Third, as noted by Zhang et al, the finding of SARS-CoV-2 RNA does not necessarily equate to the presence of viable virus. The review by Kanamori et al ^{Reference Kanamori, Weber and Rutala2} reported 4 studies in hospitals in which environmental contamination was simultaneously assessed by SARS-CoV-2 and viral culture. Among these studies, 3 reported detection of SARS-CoV-2 RNA on surfaces (ie, 7.7%–75% of surfaces sampled), but no study detected viable virus by culture. ^{Reference Kanamori, Weber and Rutala2} Gonçalves et al ^{Reference Gonçalves, da Silva and Reis3} reviewed 37 studies that assessed surfaces for SARS-CoV-2 contamination. Viral viability was assessed in multiple studies but was not confirmed in any study (methods: swab, 6 studies; gauze pads, 1 study; and RT-qPCR 6 studies).
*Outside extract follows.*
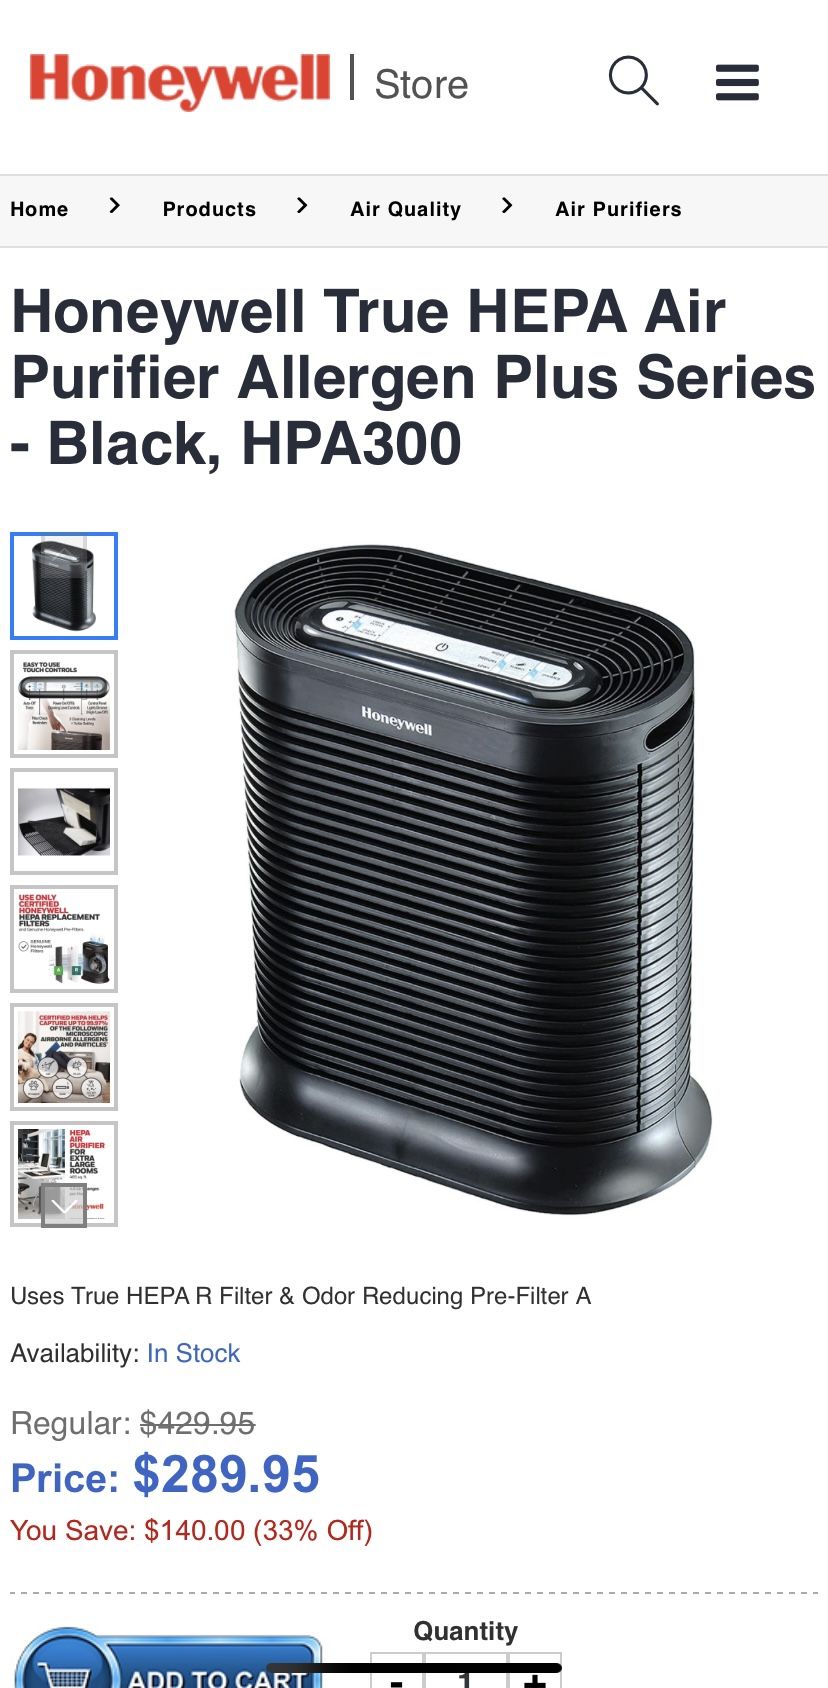 Honeywell HPA300 HEPA Air Purifier Extra-Large Room (465 sq. ft), Black

Viable virus has rarely been identified on environmental surfaces in the rooms of patients with COVID-19. ^{Reference Ahn, An and Sohn7} In addition, Zhang et al determined the presence of SARS-CoV-2 RNA by detecting the N1 region of SARS-CoV-2 RNA; however, using a detection method that ascertained both the N1 and N2 regions, which is commonly done in environmental sampling, may have added specificity to their study and may have decreased the amount of possible viable SARS-CoV-2 detected.
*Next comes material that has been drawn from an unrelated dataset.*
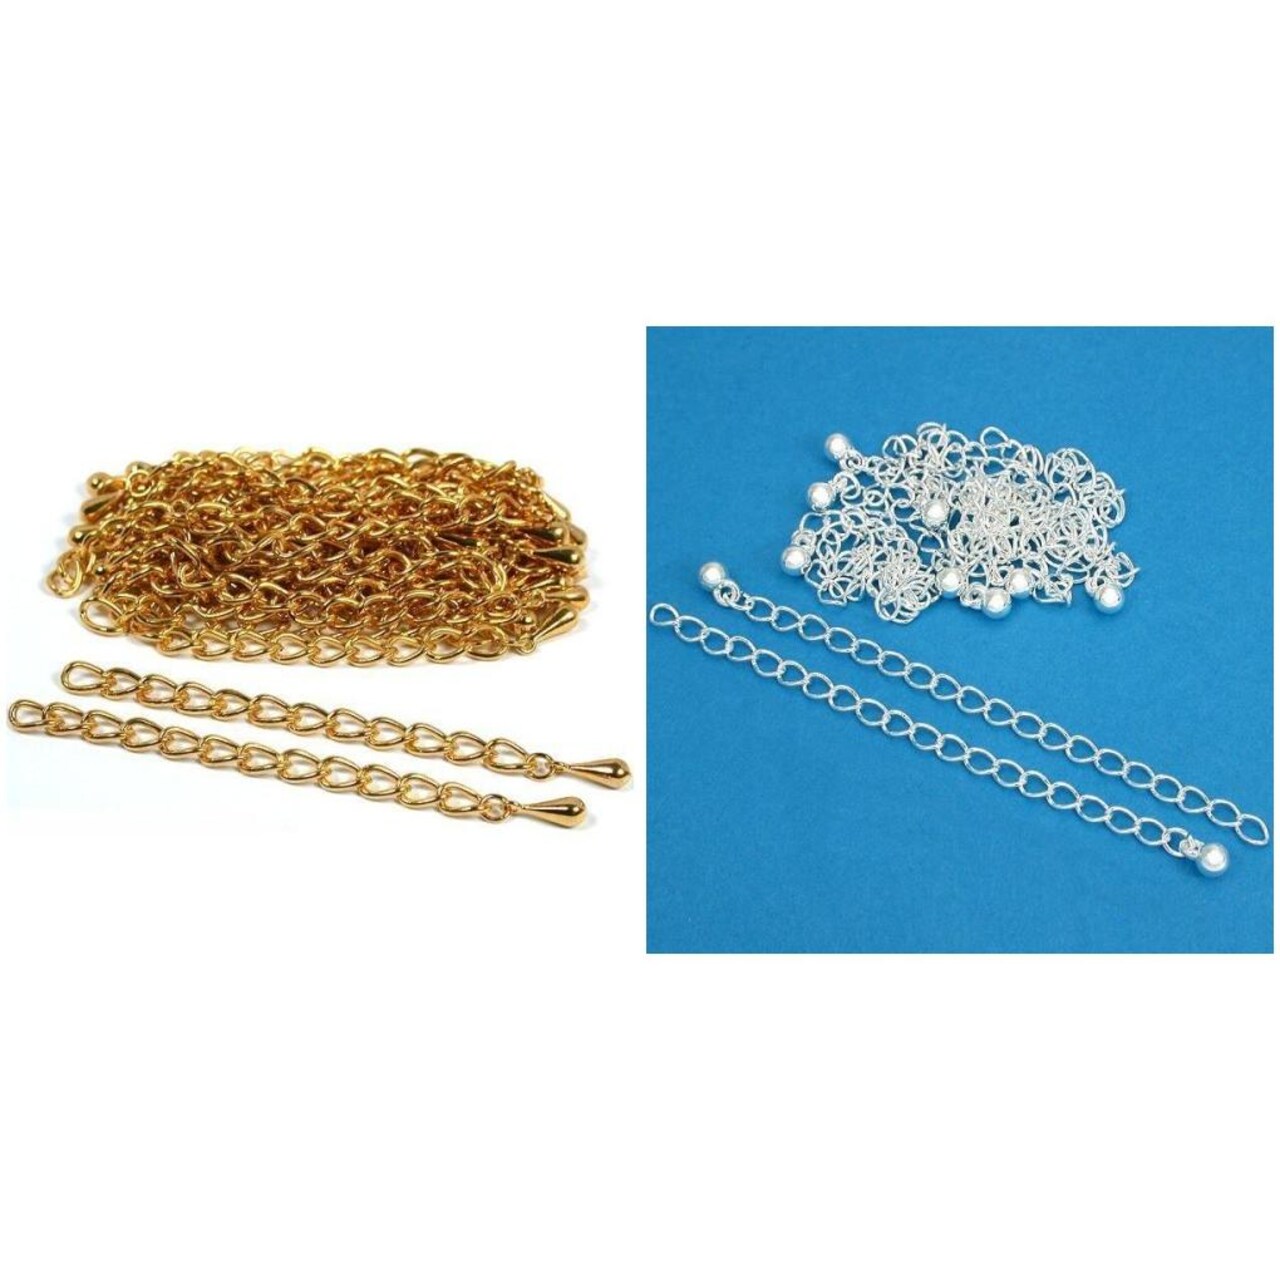 Gold & Silver Plated Necklace Chain Extenders Jewelry Repair

Fourth, multiple studies that have assessed the risk of HCP working in COVID-19 units have demonstrated that providing care to patients with COVID-19 does not necessarily place HCP at risk (ie, current recommendations for use of personal protective equipment prevent acquisition of SARS-CoV-2). ^{Reference Summerlin-Long, Selimos and Brewer8–Reference Jacob, Baker and Fridkin10} Summerlin-Long et al ^{Reference Summerlin-Long, Selimos and Brewer8} reported that among HCP who worked in units that provided care to 1,427 patients with COVID-19, only 2 possible healthcare-associated COVID-19 acquisitions were detected. Kayı et al ^{Reference Kayı, Madran and Keske9} performed a systematic review and meta-analysis of the risk factors for seropositivity in HCP before the era of vaccination and reported that working as a frontline HCP was inconsistent in its association with higher seroprevalence. Jacob et al ^{Reference Jacob, Baker and Fridkin10} assessed the risk for SARS-CoV-2 seropositivity among US HCP in 4 large healthcare systems in 3 states. In this cross-sectional study, community exposures were associated with seropositivity to SARS-CoV-2, but workplace factors, including workplace role, environment, or contact with patients with known COVID-19, were not. ^{Reference Jacob, Baker and Fridkin10}

In conclusion, this study may raise concerns that HCP may be exposed to SARS-CoV-2 in common areas of hospitals. Clearly, the next step is to repeat this study assessing both SARS-CoV-2 RNA and viable virus. However, even if viable virus is found, it would not necessarily equate to a high likelihood of acquisition of COVID-19 because an infectious dose of virus would still need to be transferred from the environmental surface to a body site capable of leading to infection (ie, mouth or eyes). If future studies demonstrate frequent and/or high contamination of viable virus on surfaces in common rooms or clinical studies suggest that HCP are acquiring infection in common rooms not attributable to provider-to-provider transmission, then we will need to revise our infection prevention mitigation strategies to protect HCP.